There are numerous high-quality statistical approaches for detecting rhythmicity and estimating rhythmic parameters in large data sets. These include but are not limited to Haystack (Mockler et al., 2007), Lomb-Scargle (Glynn et al., 2006), ARSER (Yang and Su, 2010), CircWaveBatch (Oster et al., 2006), JTK_Cycle (Hughes et al., 2010), and its successors, RAIN (Thaben and Westermark, 2014), eJTK (Hutchison et al., 2015), and ABSR (Ren et al., 2016). Each has different strengths and weaknesses. To briefly summarize these methods, tests based on curve fitting such as COSOPT (Straume, 2004) are mathematically intuitive and work well but are underpowered and computationally inefficient (Hughes et al., 2010). Fourier analysis is popular but requires evenly sampled data and is limited in the period lengths it can detect (Wijnen et al., 2005). Analysis of variance can test for time-dependent changes, but it does not explicitly test for rhythmicity.
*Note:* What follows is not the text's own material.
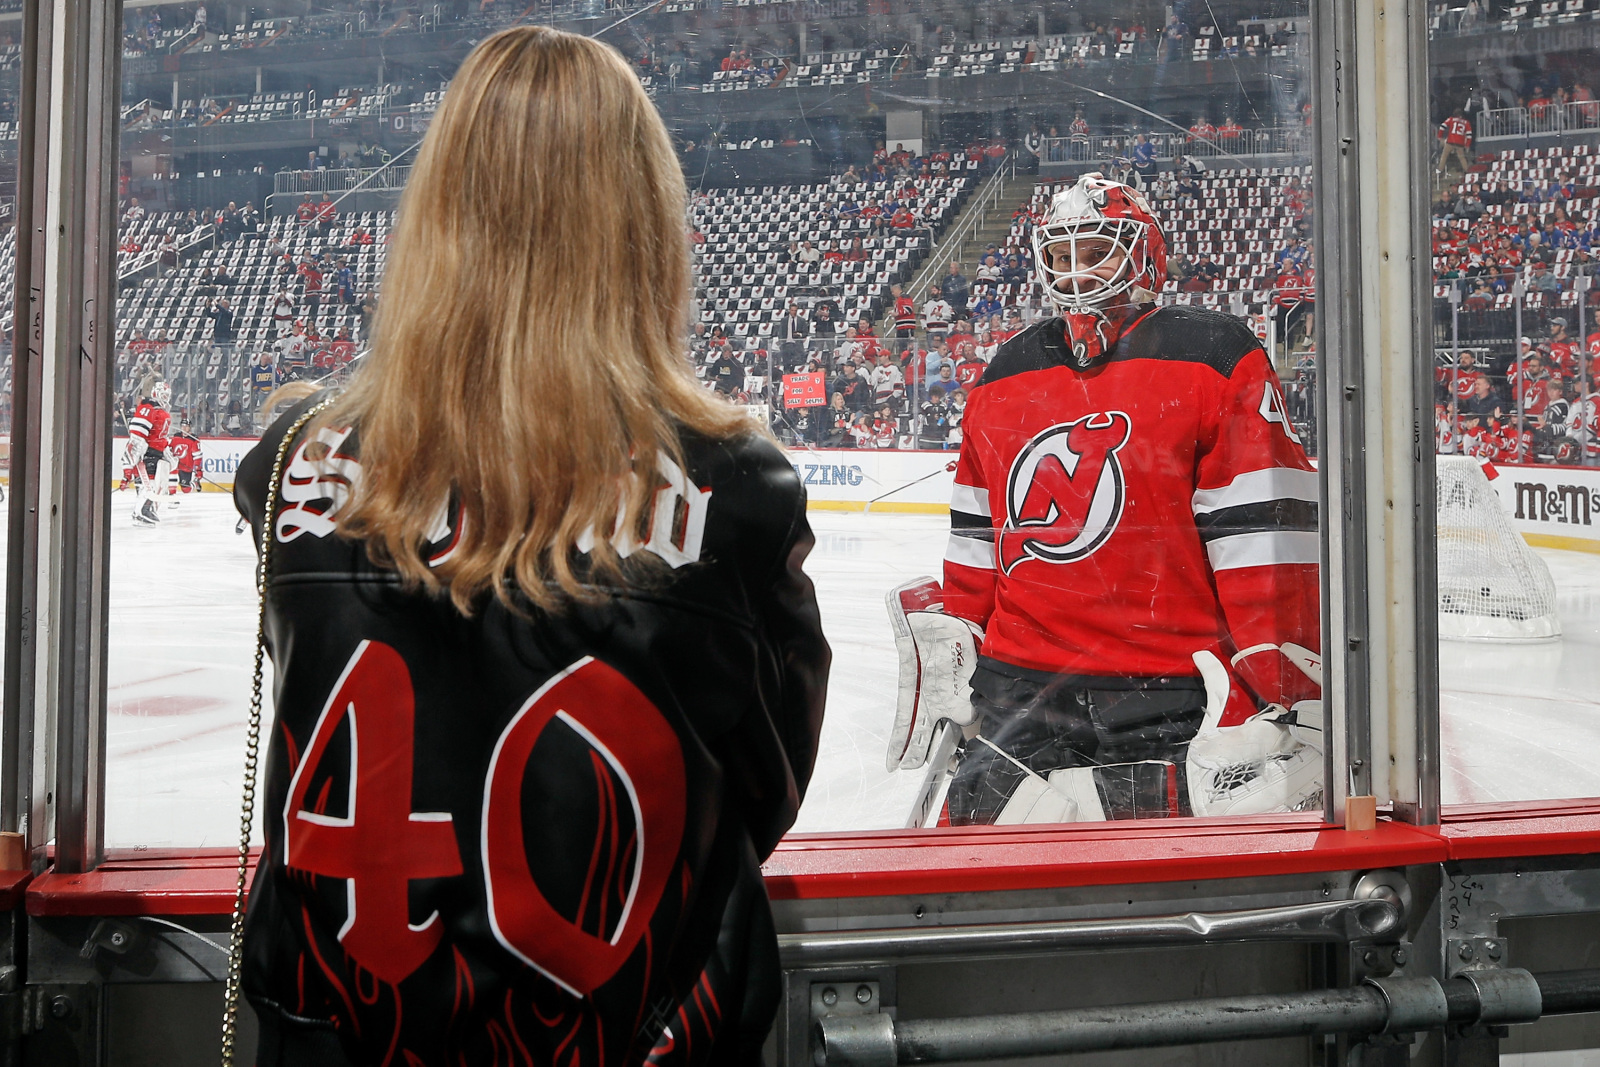 Schmid, Devils play near perfect to take series lead — The Fourth

JTK_Cycle is powerful and computationally efficient, but phase estimates are inaccurate when using sparse input data (e.g., less than every 4 h). Similarly, ARSER is powerful, but it does not consider replicates and cannot handle missing data. Certain algorithms (e.g., eJTK) perform better with replicates than repeated cycles (Hutchison et al., 2015). Many algorithms rely on an explicit or implicit fit to sinusoidal curves that may be problematic if the data include pulsed or asymmetric waveforms. We note that Haystack (Mockler et al., 2007) and ZeitZeiger (Hughey et al., 2016) are less sensitive to waveform shape than other algorithms. Some approaches are optimized for distinguishing ultradian rhythms from conventional 24-h rhythms (van der Veen and Gerkema, 2017). In many cases, however, investigators will have the greatest statistical power when searching for rhythms equal to conventional 24-h cycles. When studying clock mutants, free-running period should be measured with independent assays (e.g., free-running locomotor behavior) and statistical analyses of “-omics” data tuned to the appropriate organismal period length.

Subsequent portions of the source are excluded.